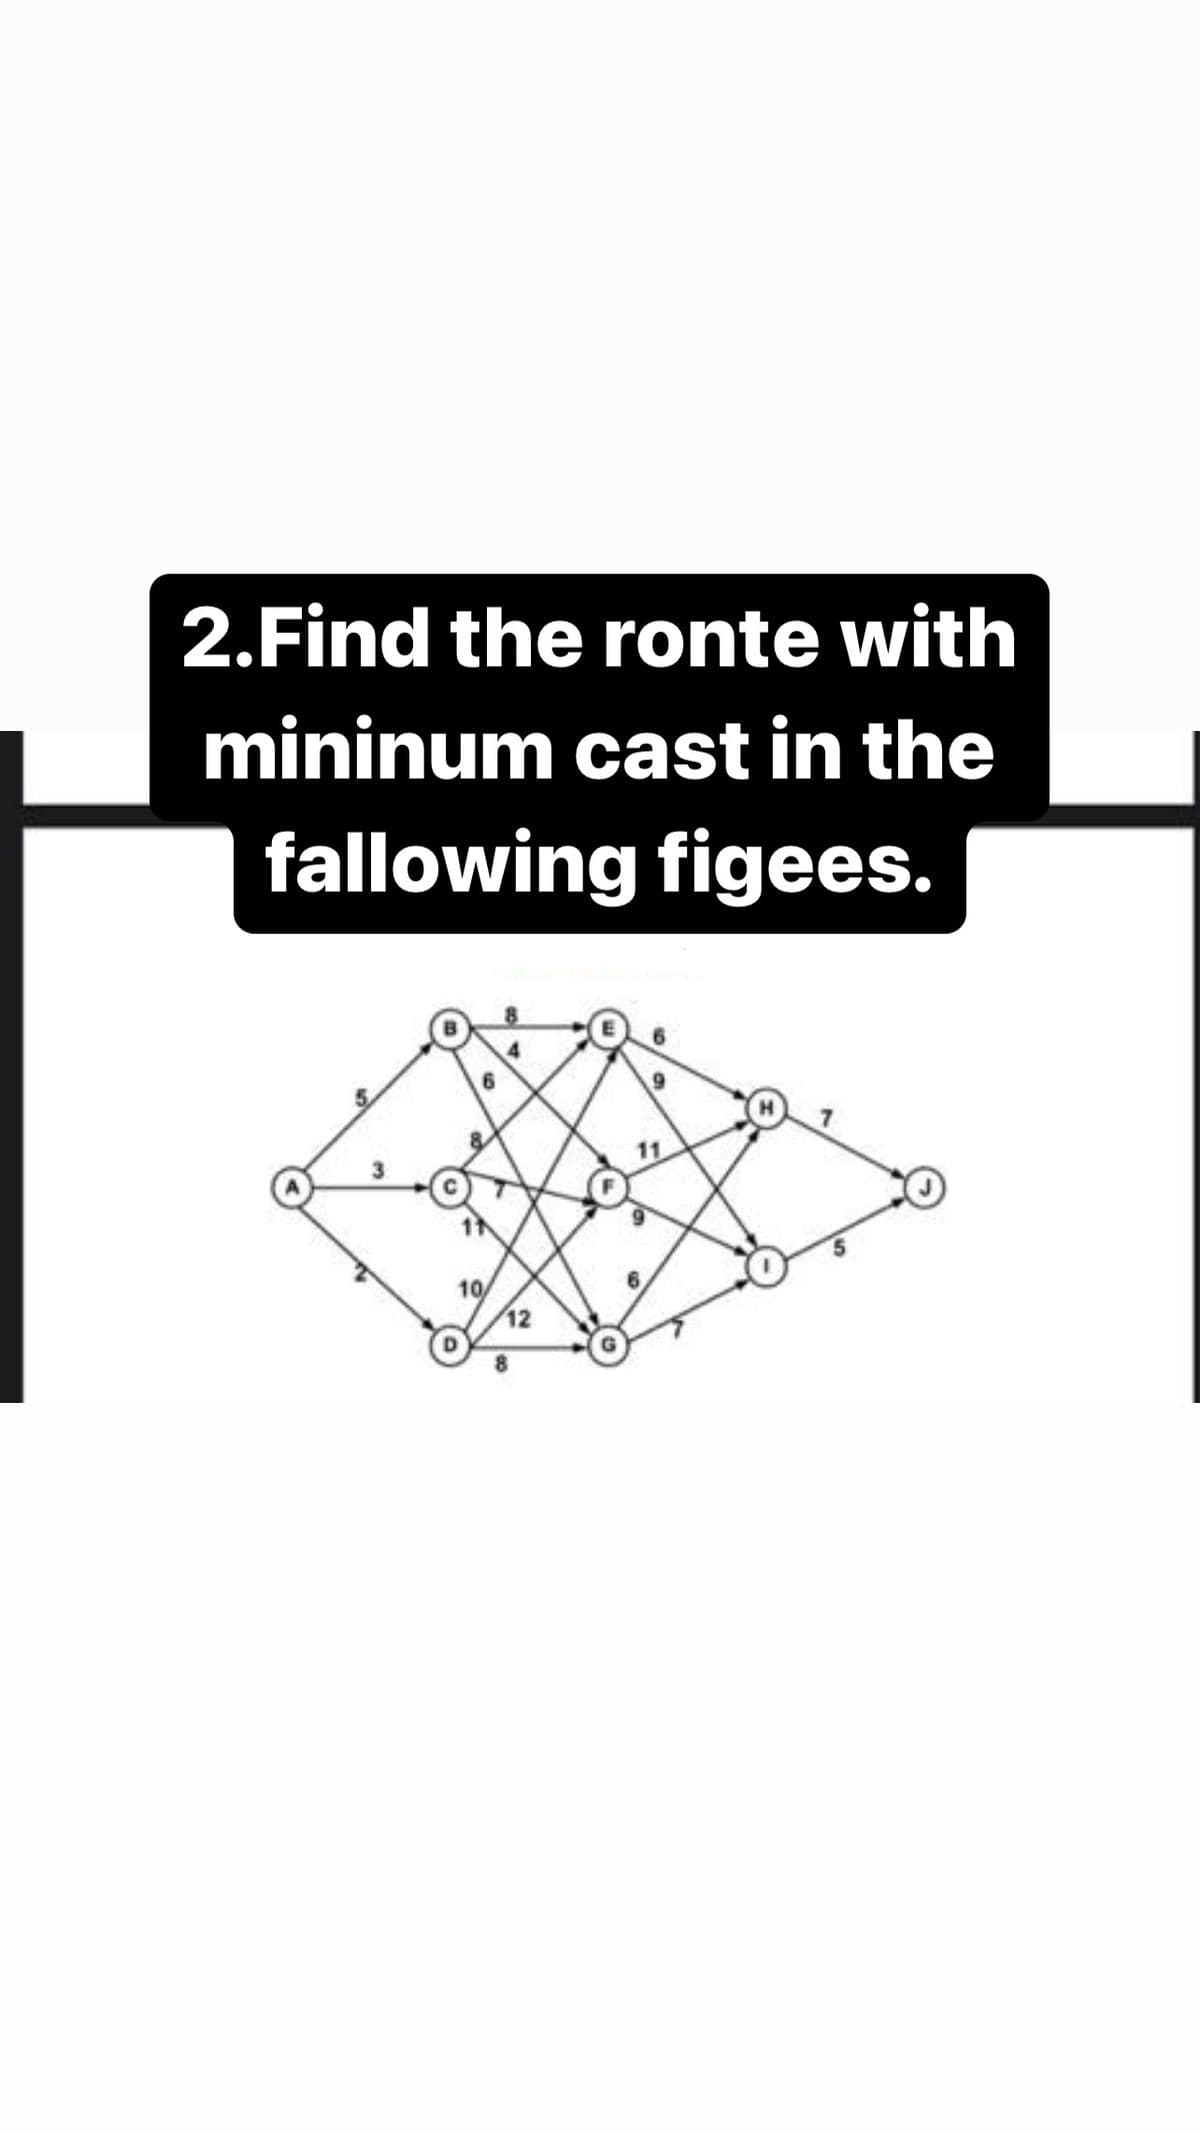 2.Find the ronte with
mininum cast in the
fallowing figees.
10/
12
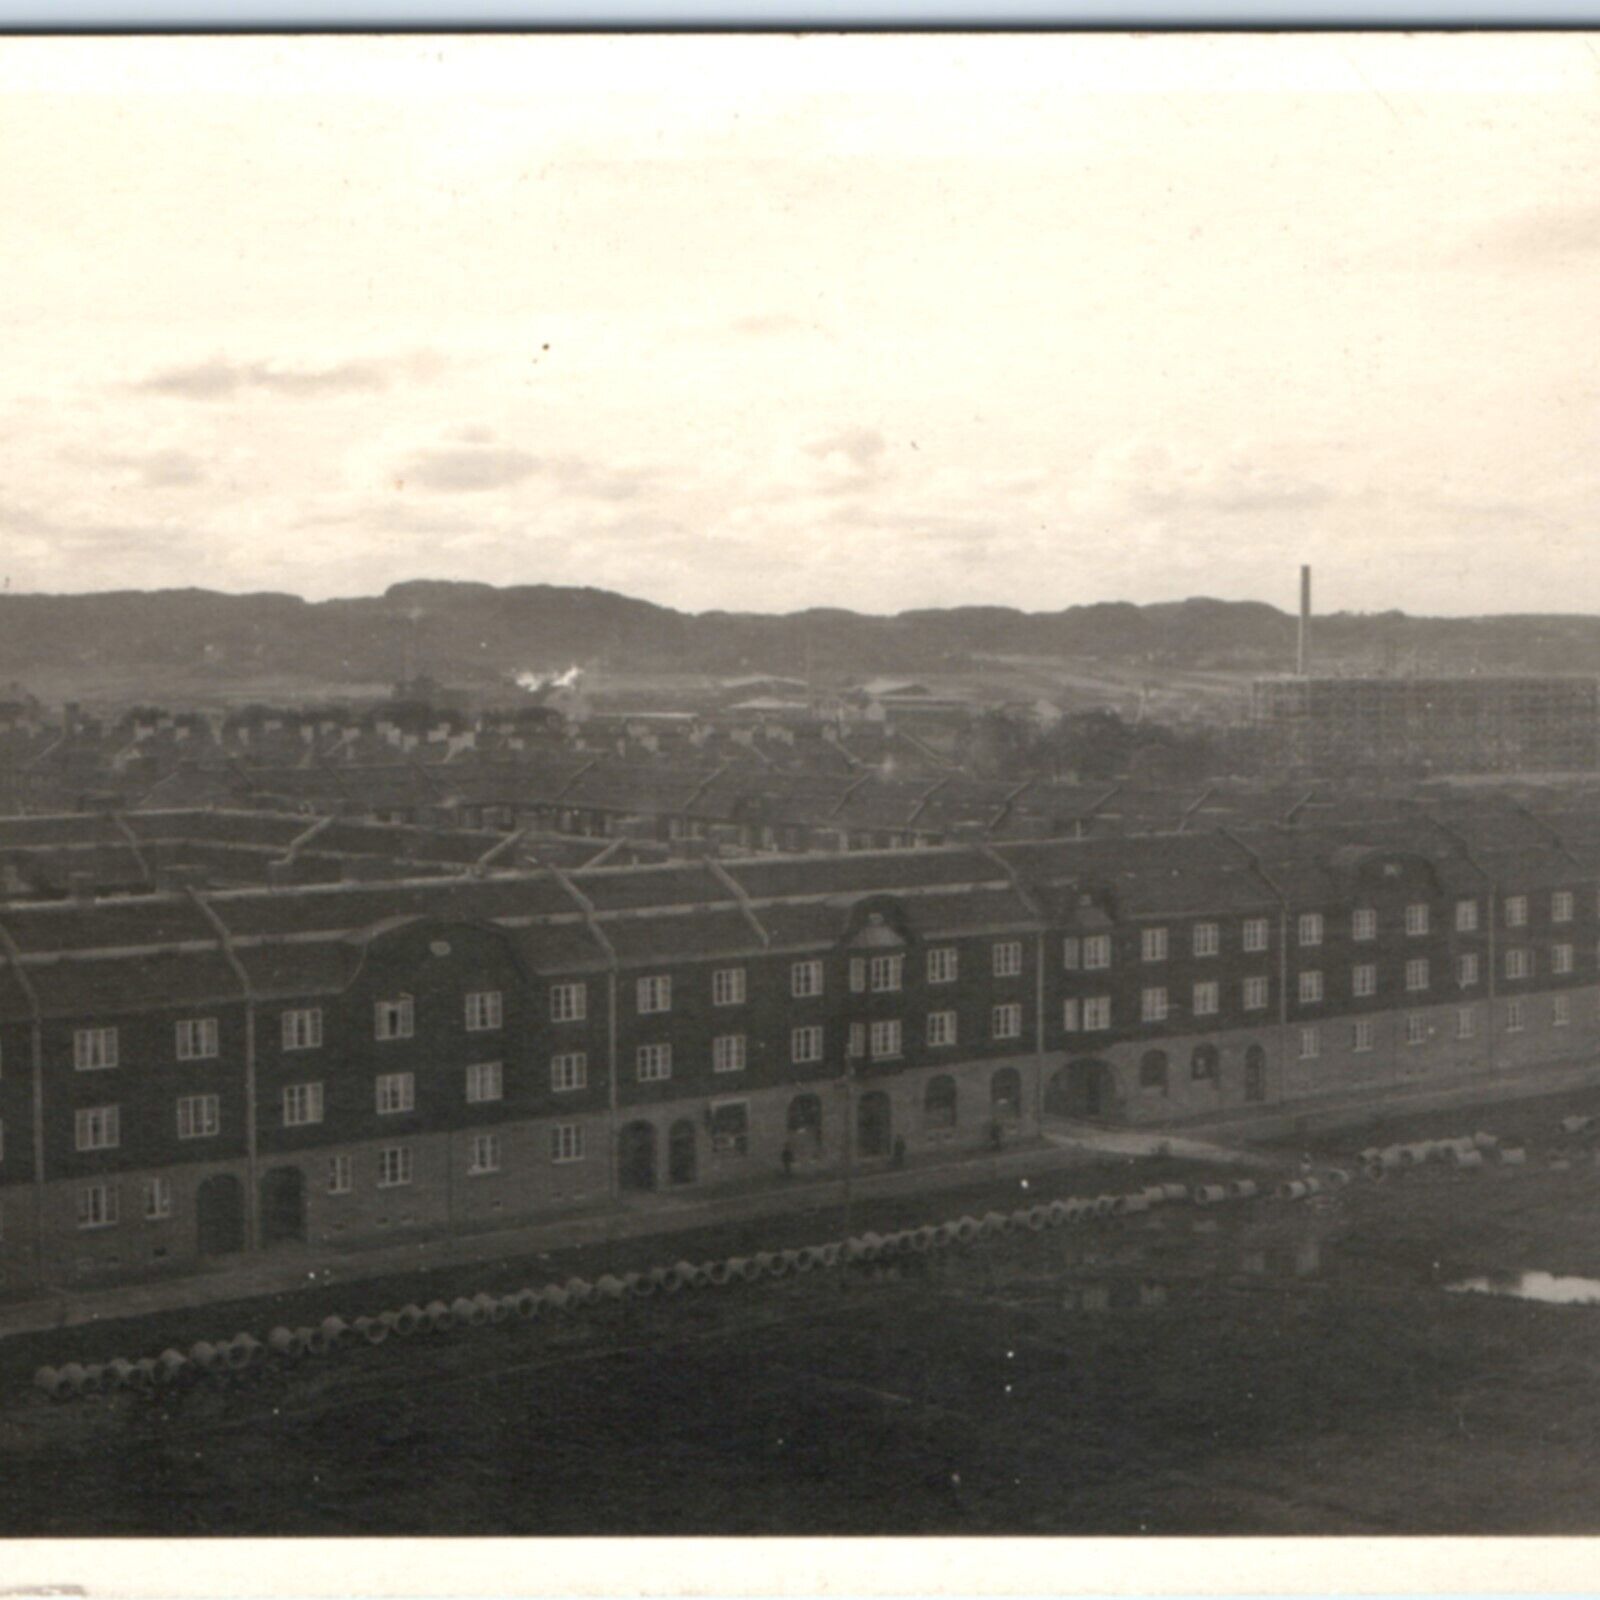 c1910s Huge Unknown Residence Building RPPC Asylum? Real Photo Postcard A134

━━━━━━━━━━━━━━━━

(Problem to work on) Please output exactly the lines from the line containing "fallowing figees." through the last line of the records above, both included, and leave out any pictures.

(Problem solution)
fallowing figees.
10/
12
 c1910s Huge Unknown Residence Building RPPC Asylum? Real Photo Postcard A134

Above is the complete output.